§ What this task involves: Keep the text of the data exactly as it is and omit each picture from the copy.

§ Collected data:
# # # # #

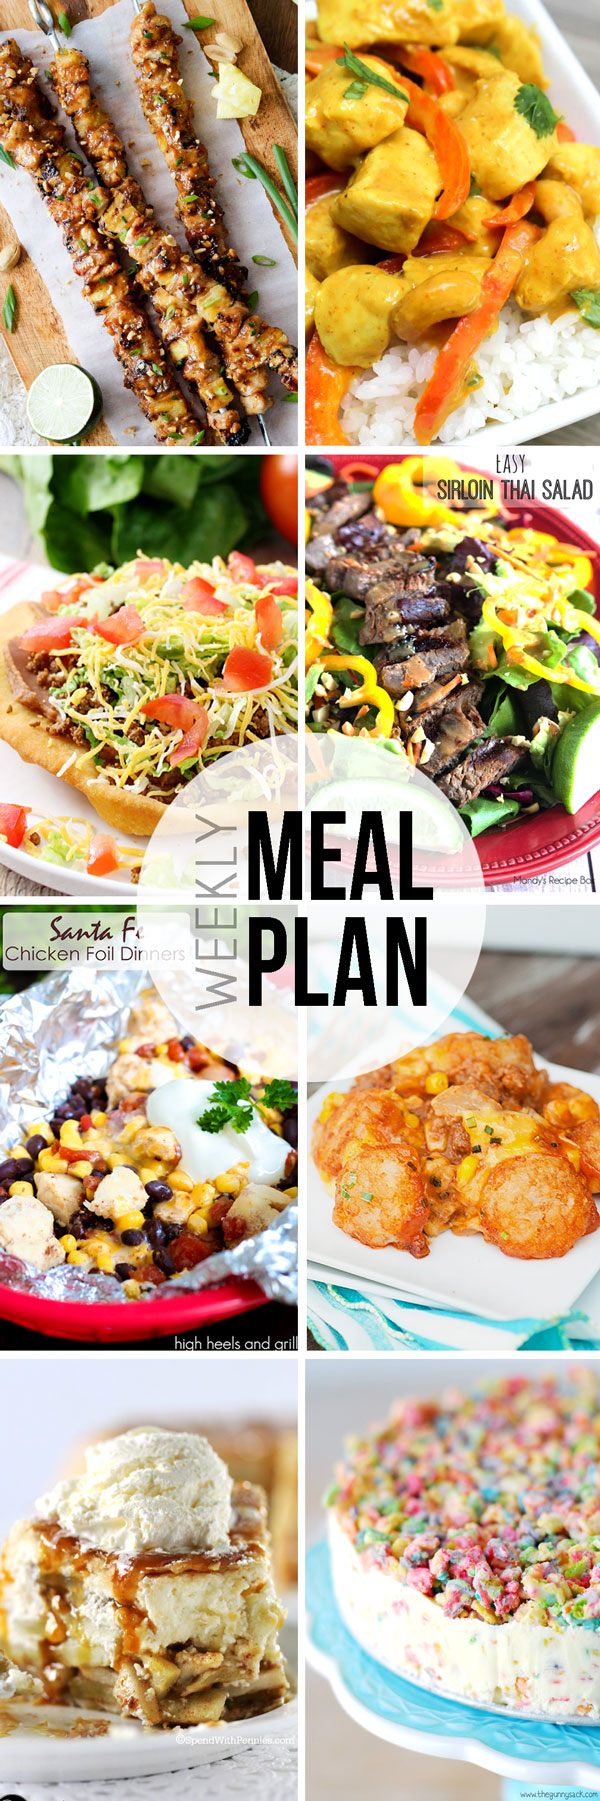 Easy Meal Plan Sunday #6.
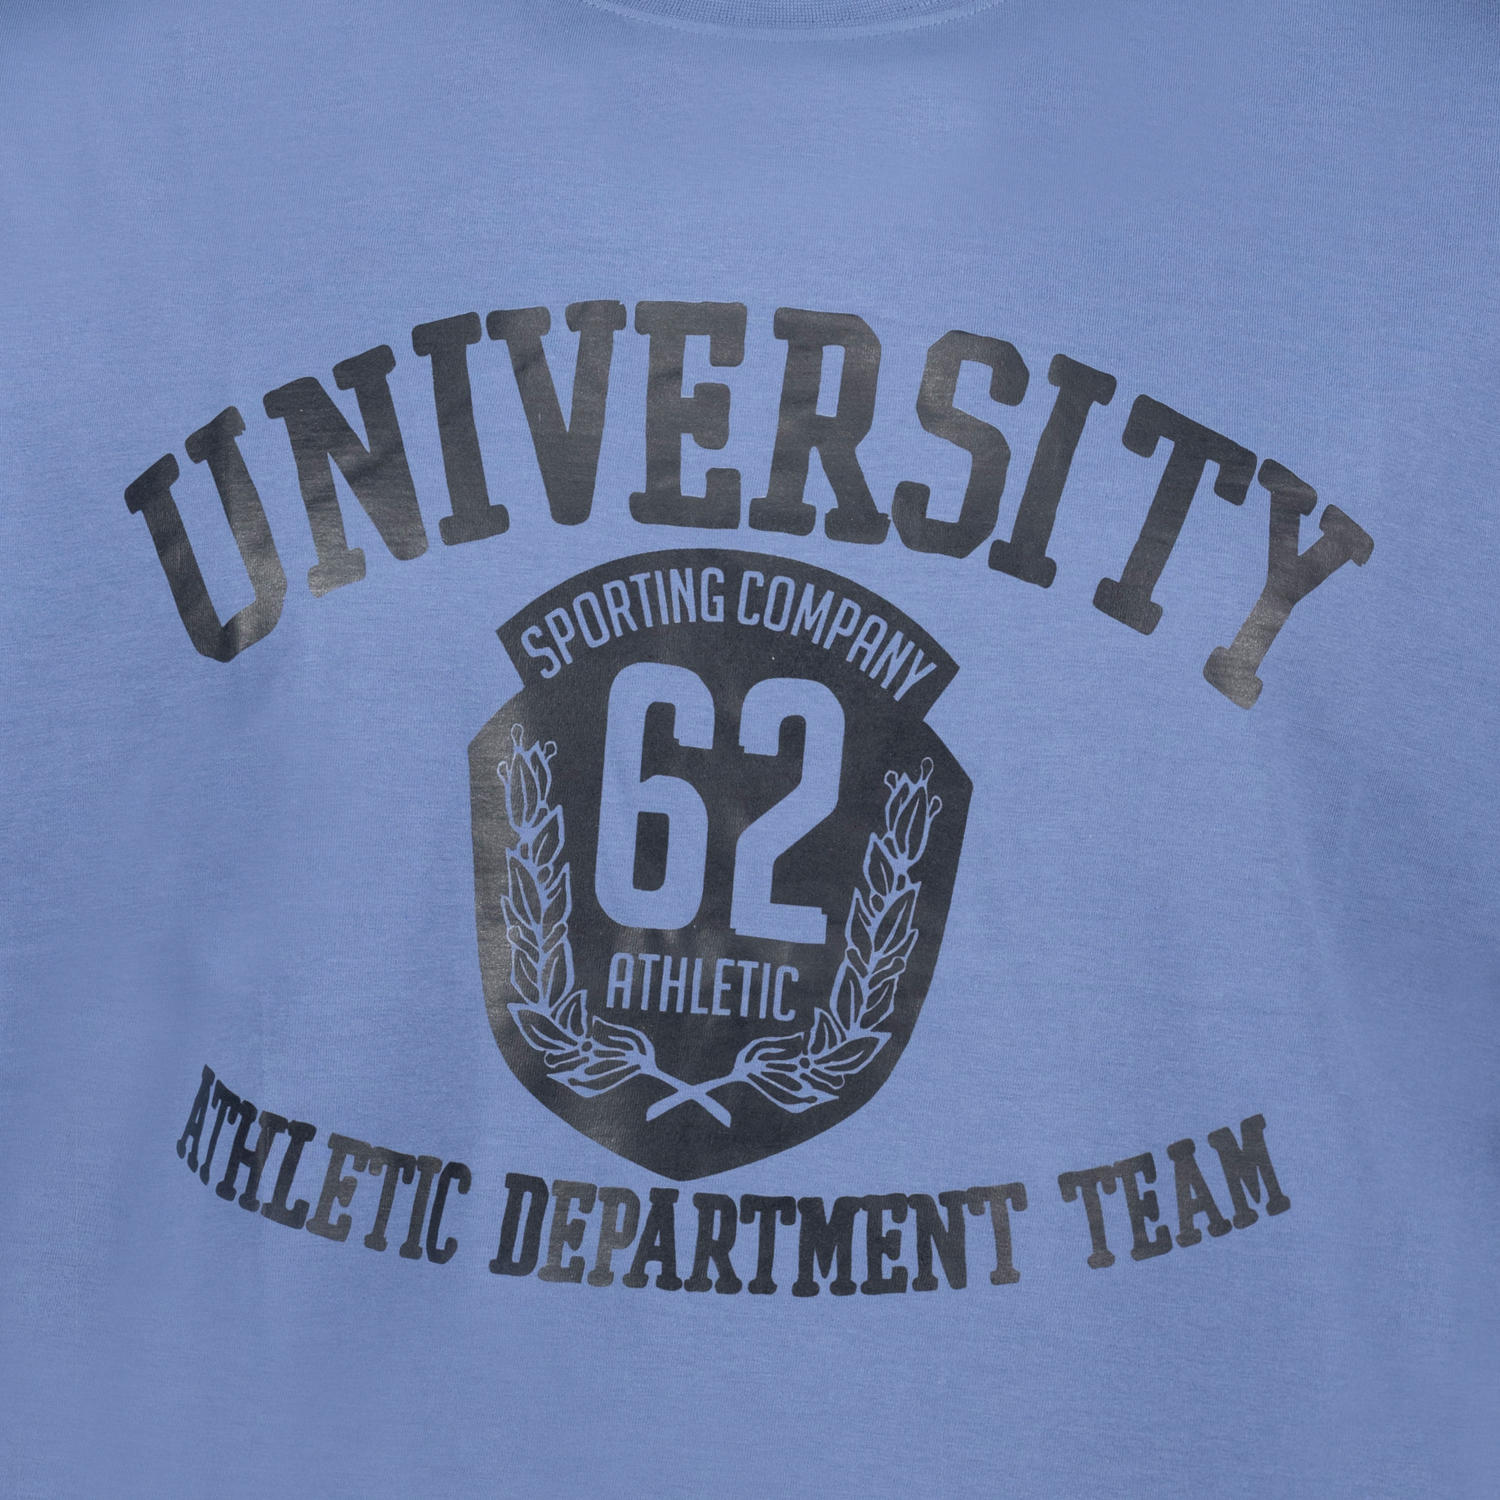 T-shirt series University by Adamo in light blue with imprint up to oversize 10XL
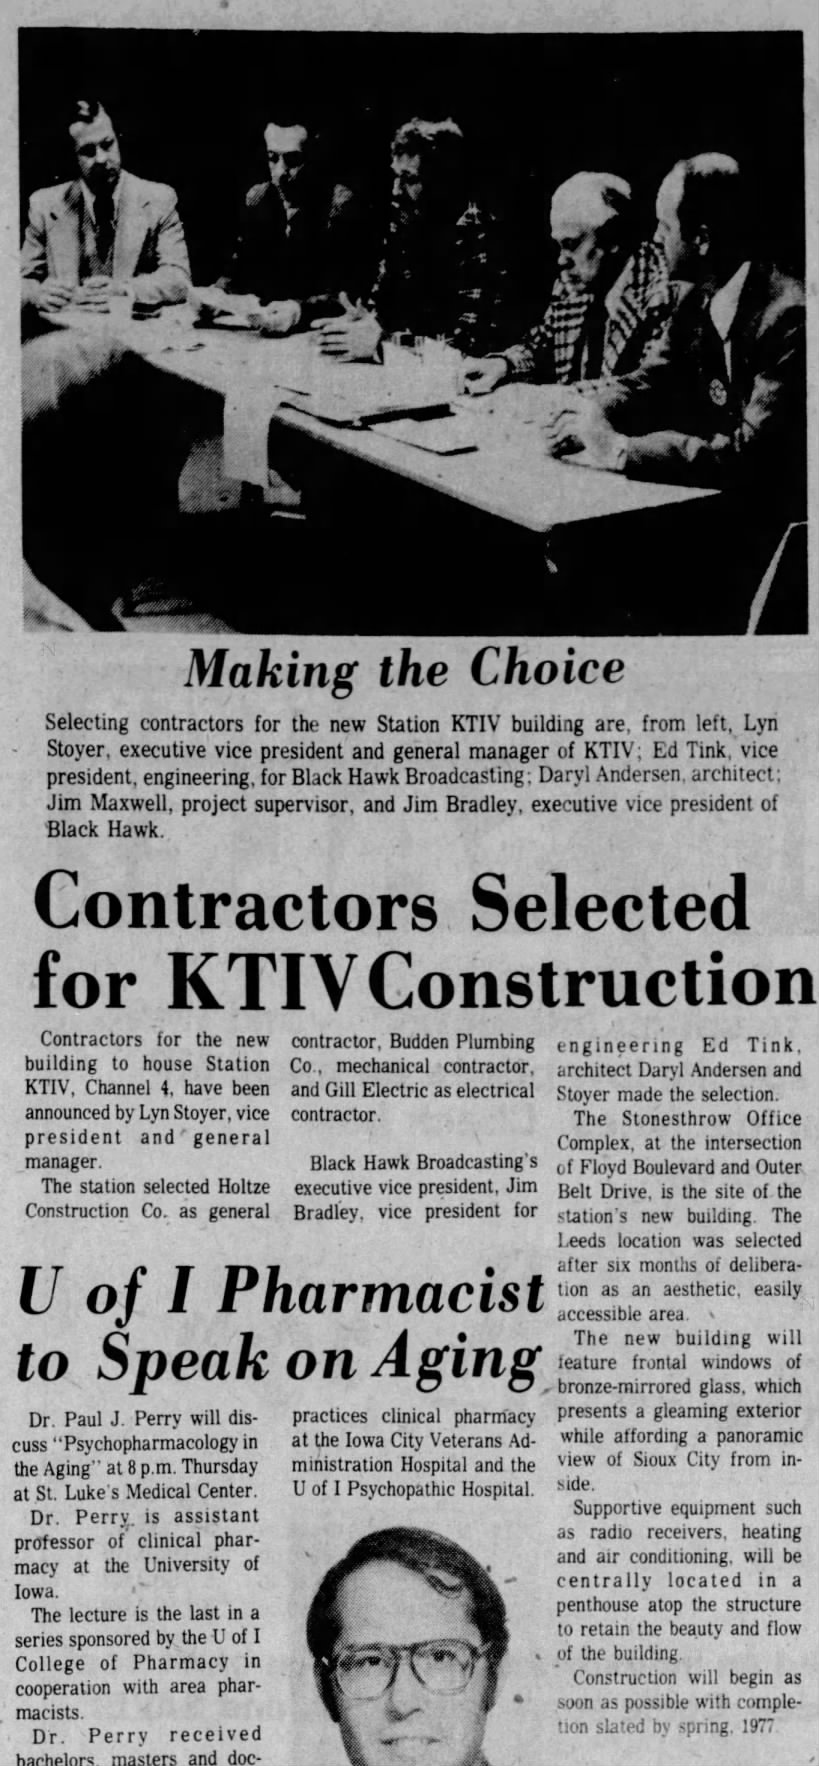 Contractors Selected for KTIV Construction

# # # # #

§ Exercise result:
 Easy Meal Plan Sunday #6.
 T-shirt series University by Adamo in light blue with imprint up to oversize 10XL
 Contractors Selected for KTIV Construction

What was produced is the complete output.